Nie ma ryb czy masz inne ważniejsze zajęcia/rozrywki?
 
  Odp: Klejonka [0] 22.05 23:31
 
coś tam mam , ale może znajdzie się w tym kraju nad Wisłą któryś mądry i wycofa Roundup czyli po polsku glifosat całkowicie z obrotu i produkcji tego rakotwórczego gówna. Putin Roundapu nie wpuścił do Rosji. jak oglądam filmy na youtub z Rosji jak trzepią lipienie do dech w piersiach zapiera. pogłowie ryb spadło odkąd tej Roundup jest używany w PL , tak samo spadło pogłowiei ptaków o 75 %, z tego co widzę koło domu. jak można było wpuścić rakotwórcze amerykańskie gówno do Polski ??? środek nie jest biodegradowalny.
 
  Odp: Klejonka [8] 22.05 18:50
 
Nie mam powodu sie obrażac. Ale zupenie nie rozumiem o czym ty piszesz...uzywam klejonek od lat 80 tych. mam w klasach 2 do 8 nawet klasa 1 się znajdzie.
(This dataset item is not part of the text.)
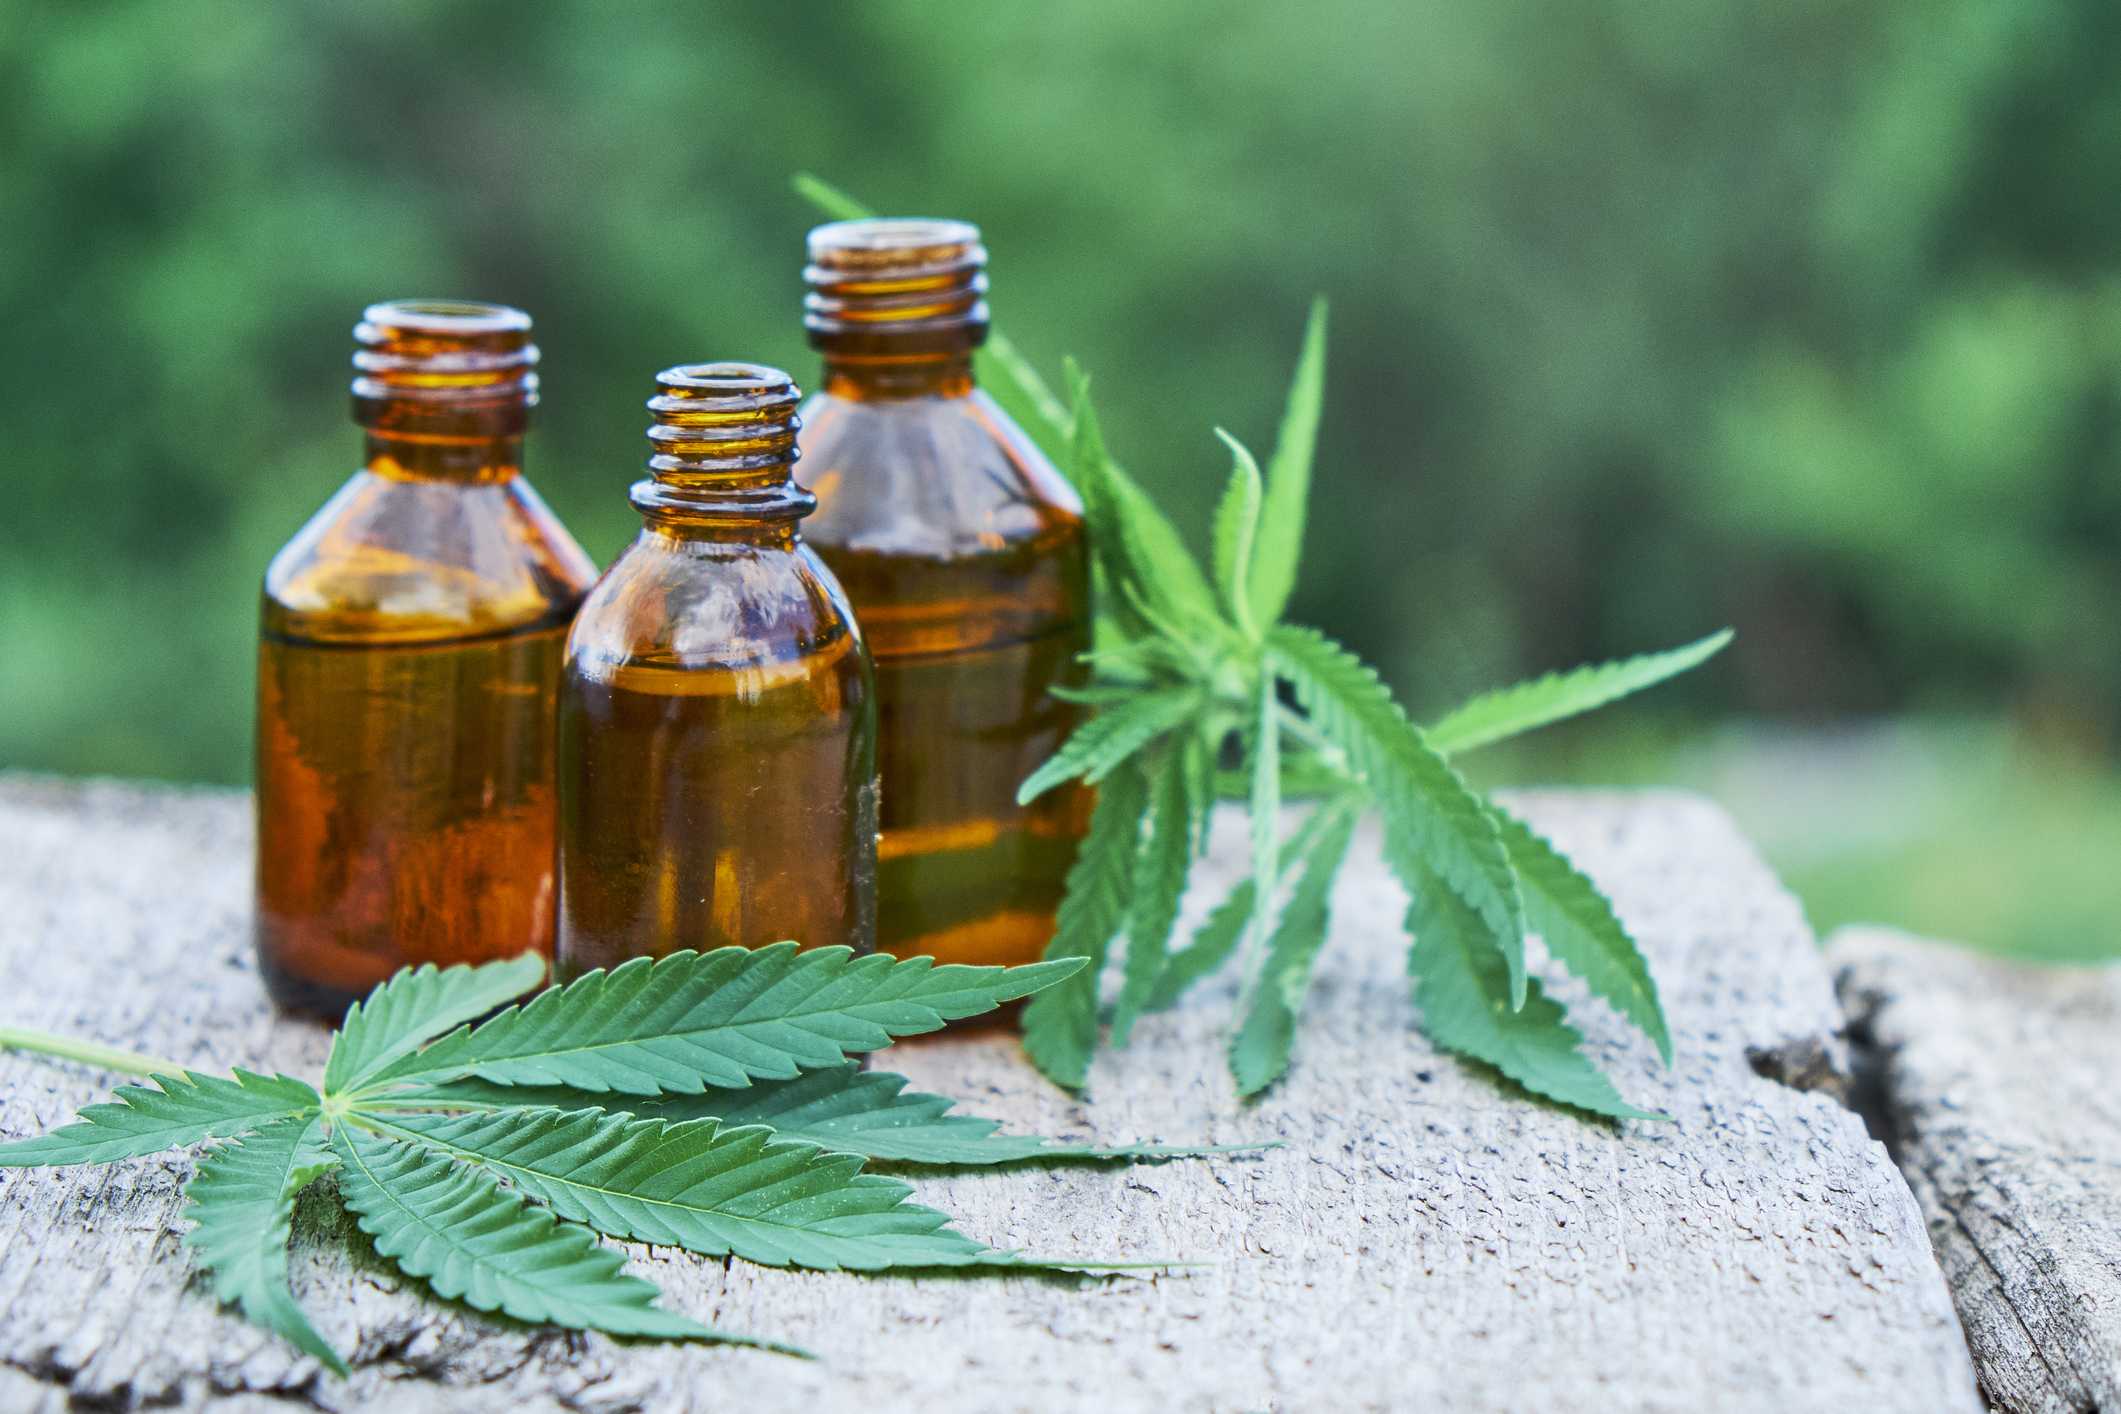 How to tell the difference between CBD pills and CBD oil

Długosci od ok 180 do 4,5m . Lowie nimi jak, gdzie i kiedy chce i nie ma z tym zadnego problemu.
 
  Odp: Klejonka [7] 22.05 18:54
 
możliwe , ale ja klejonką #3 lub #4 poniżej 9' odradzam jakiekolwiek łowienie każdemu. nie da się tym daleko rzucać przy dł 8' albo 7'.
 
  Odp: Klejonka [6] 22.05 19:00
 
czyli wg ciebie wszyscy wielcy tworcy klejonek, uznani na calym swiecie się mylili robiac takie kije ? Jakoś nie przekonuje mnie to co piszesz..tym bardziej, że np7 stopwym pagleyem czy hardy cc de france w klasie 4 mozna wywalić linke do podkladu. Nie wspomnę o kijach brunnera stworzonych specjalnie do duzych odleglości a maja ok 7 stóp. Istne armaty, Seria gebetsroither
 
  Odp: Klejonka [0] 22.05 19:05
 
wszystko jest możliwe , ale ja wiem tzw swoje. od #5 można się klejonką bawić do #8. tego się nie zmieni, bo się nie da. chyba, że ktoś coś nowego wymyślił do bambusa. już nie będę się rozpisywał kto na Alasce łososie trzepał klejonką #6 dł 7 '.
 
  Odp: Klejonka [4] 22.05 19:16
 

'Wiem swoje"
....odnoszę wrażenie, że nie miałeś w reku porządnej klejonki w rzeczonej klasie i stad dziwne przemyślenia. Wiesz lepiej od ludzi, którzy zbudowali w swoim życiu dziesiątki albo i setki klejonek, uznanych twórców i uznanych uzytkownikow tych wędek. Nie śmiał bym nikomu napisać/powiedzieć , że ja znam jedyne słuszne rozwiązania, że jedyny słuszny wybór to wędka taka a taka....
 
  Odp: Klejonka [3] 22.05 19:23
 
ale to nie są tylko moje spostrzeżenia , tak samo innych uczestników tego forum też. tak samo jak spostrzeżenia ludzi, którzy tylko na klejonki łowili. ja nie mam zamiaru eksperymentować z klejonką #3 lub #4 , bo wiem, że niekomfortowo tym mi się łowi. najlepszą opcją na rzekę jeżeli chodzi o klejonkę bambusową , to jest 2,40 m#6, przy czym jak wolę #8 na San, bo dużych much łososiowyh używałem ,a linką #6dt, to nie za bardzo na takich dużych muchach to hula.
 
  Odp: Klejonka [2] 22.05 19:29
 
Piszesz teraz o konkretnych warunkach a ja nie o tym. Logiczne, że do machania streamerem czy majowką nie wezmę nad wodę klenonki w klasie 3/4, mam do tego mocniejsze kije. No huisman 8' #6 konstrukcja bez kolanek. Ale do lowienia nmfami, suchą spokojnie można wziąc 6,6 #3. Ta sama zasada dotyczy węgla, szkla czy klejonek.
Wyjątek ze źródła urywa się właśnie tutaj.